_Task brief_
Go to the line below that has "4 Ways to Do", print it and each line after it exactly, and stop after the line that has "Method for inferring"; leave out pictures.

### Data for processing

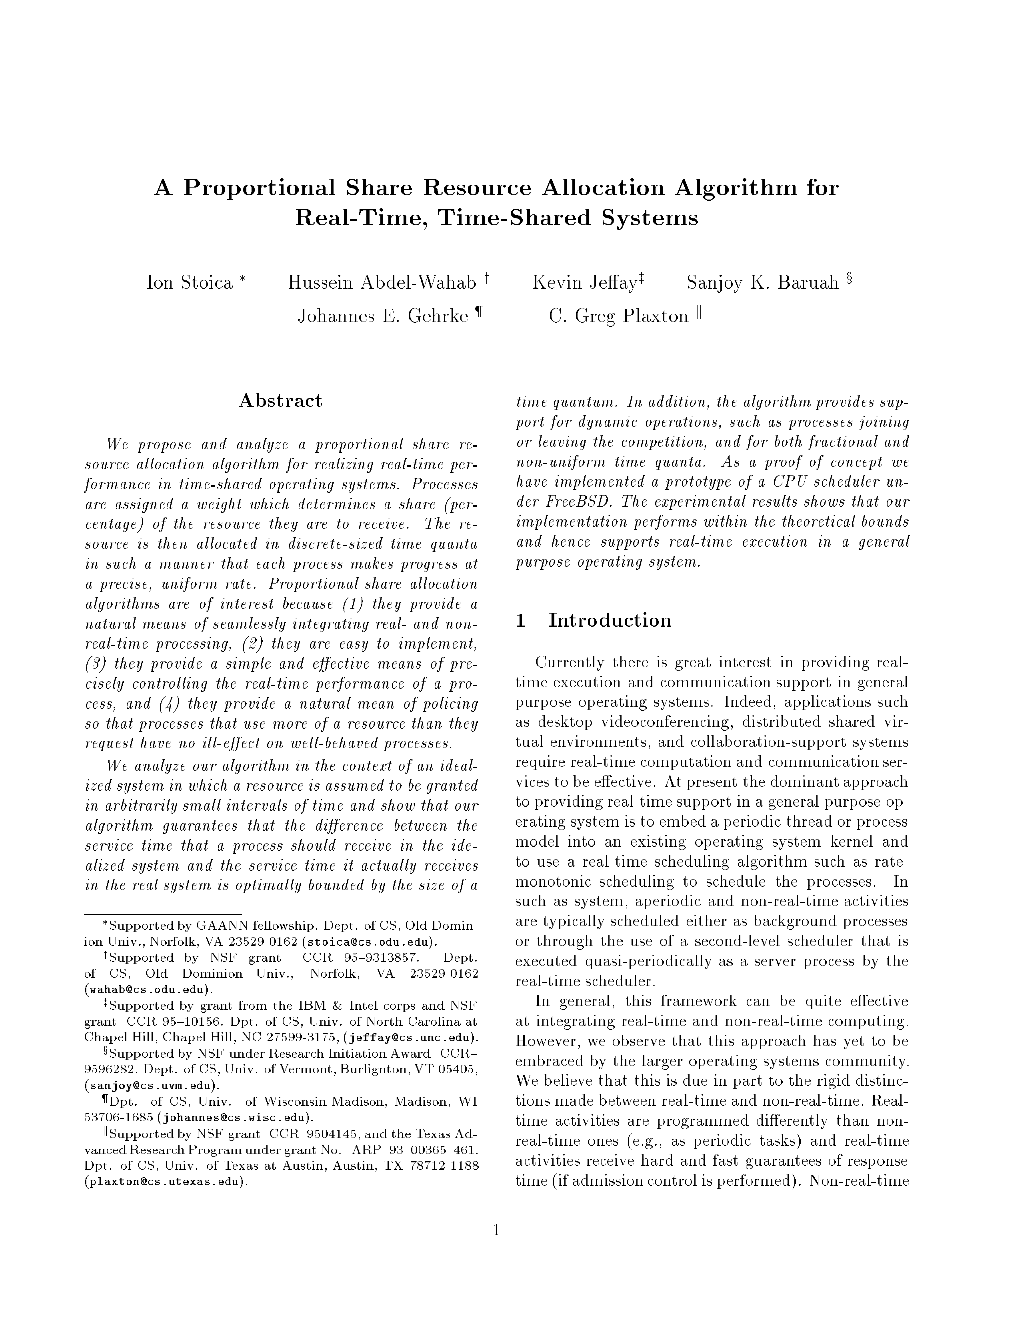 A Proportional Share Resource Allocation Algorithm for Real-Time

######
### Data for processing

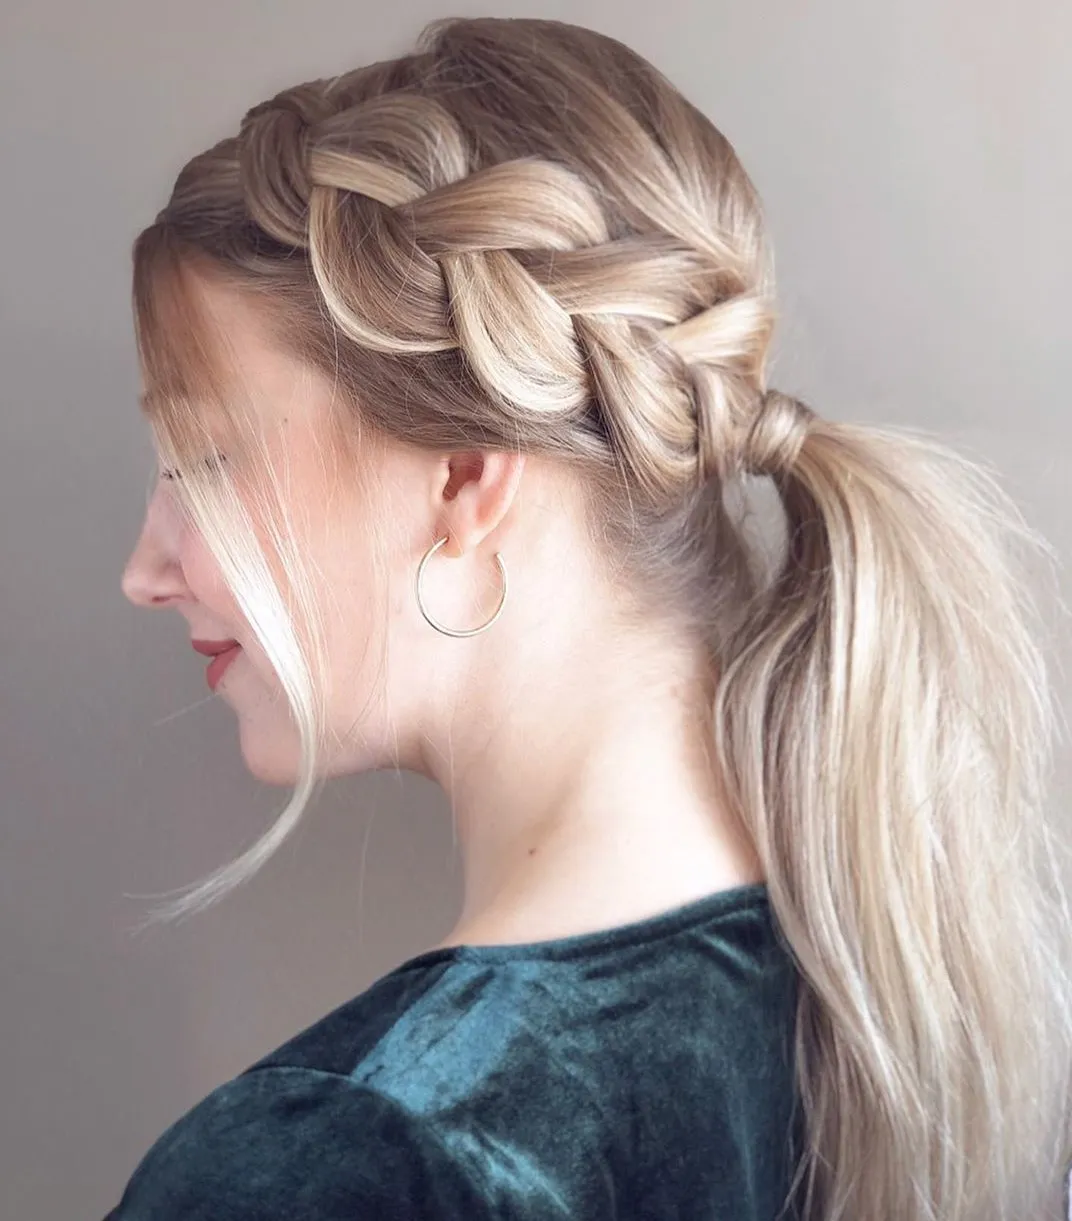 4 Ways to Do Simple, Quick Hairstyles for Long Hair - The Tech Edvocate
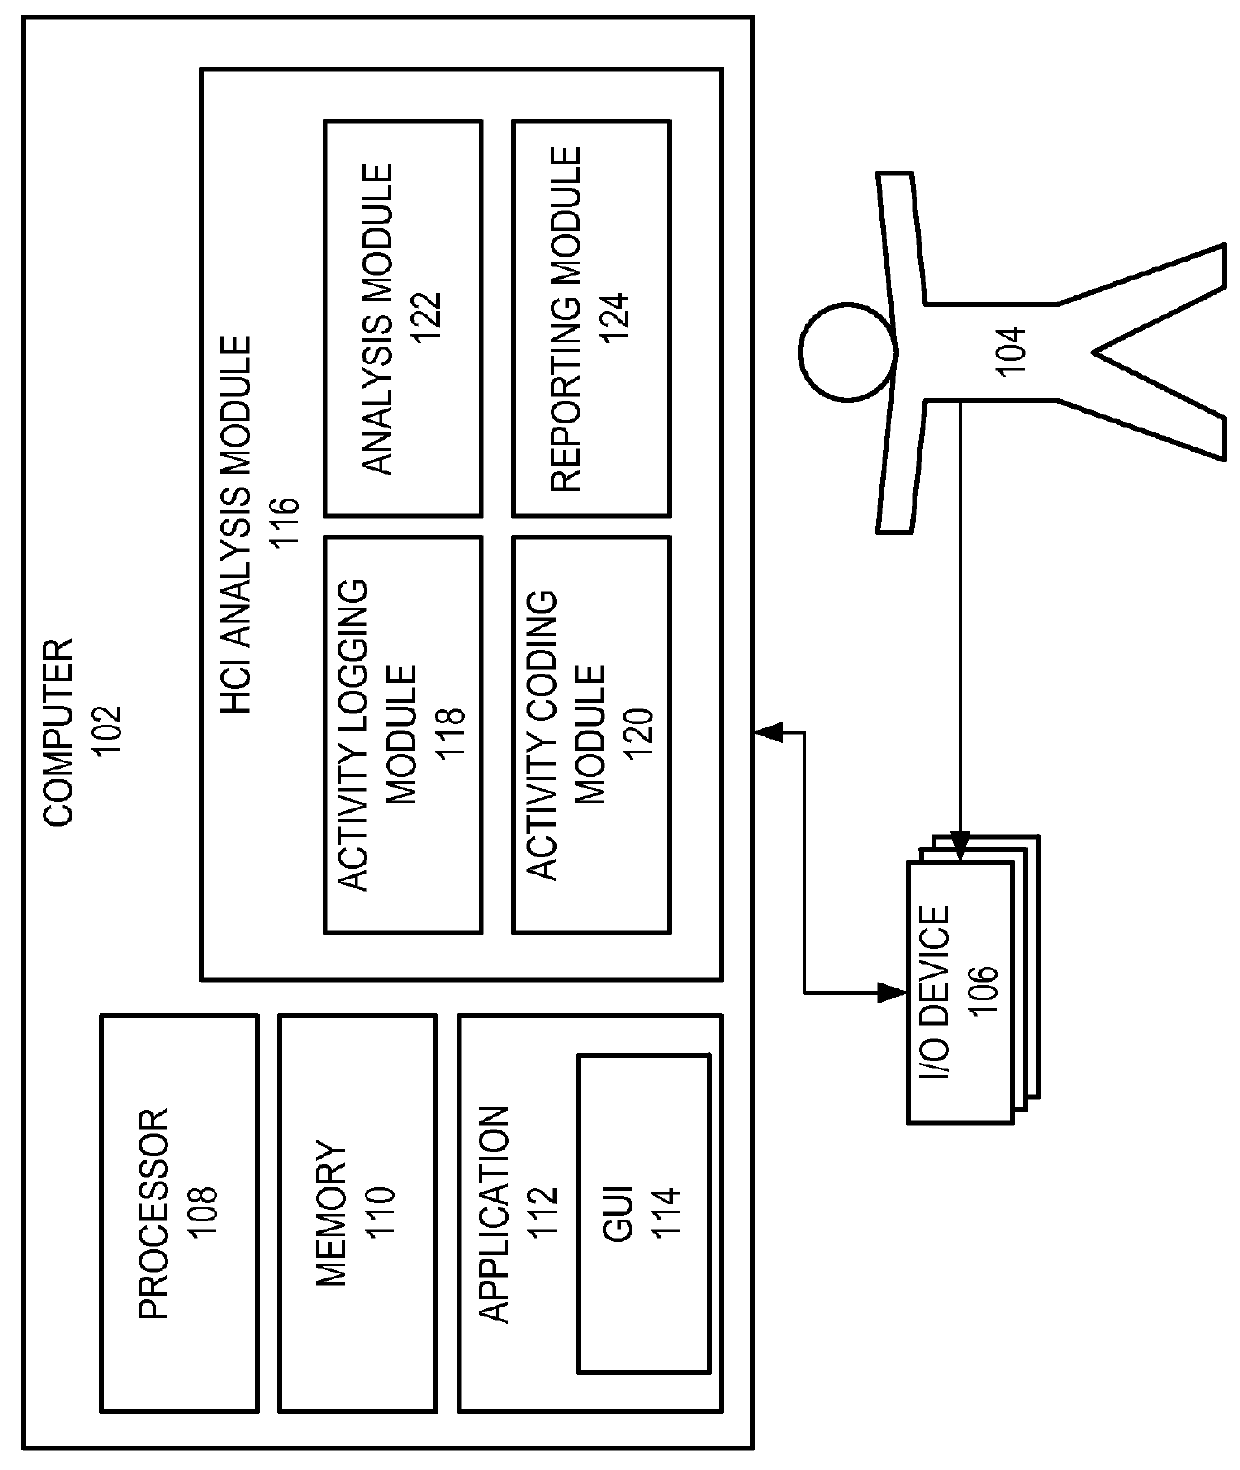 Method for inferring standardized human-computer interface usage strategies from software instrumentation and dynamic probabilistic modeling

######

_Task output_
 4 Ways to Do Simple, Quick Hairstyles for Long Hair - The Tech Edvocate
 Method for inferring standardized human-computer interface usage strategies from software instrumentation and dynamic probabilistic modeling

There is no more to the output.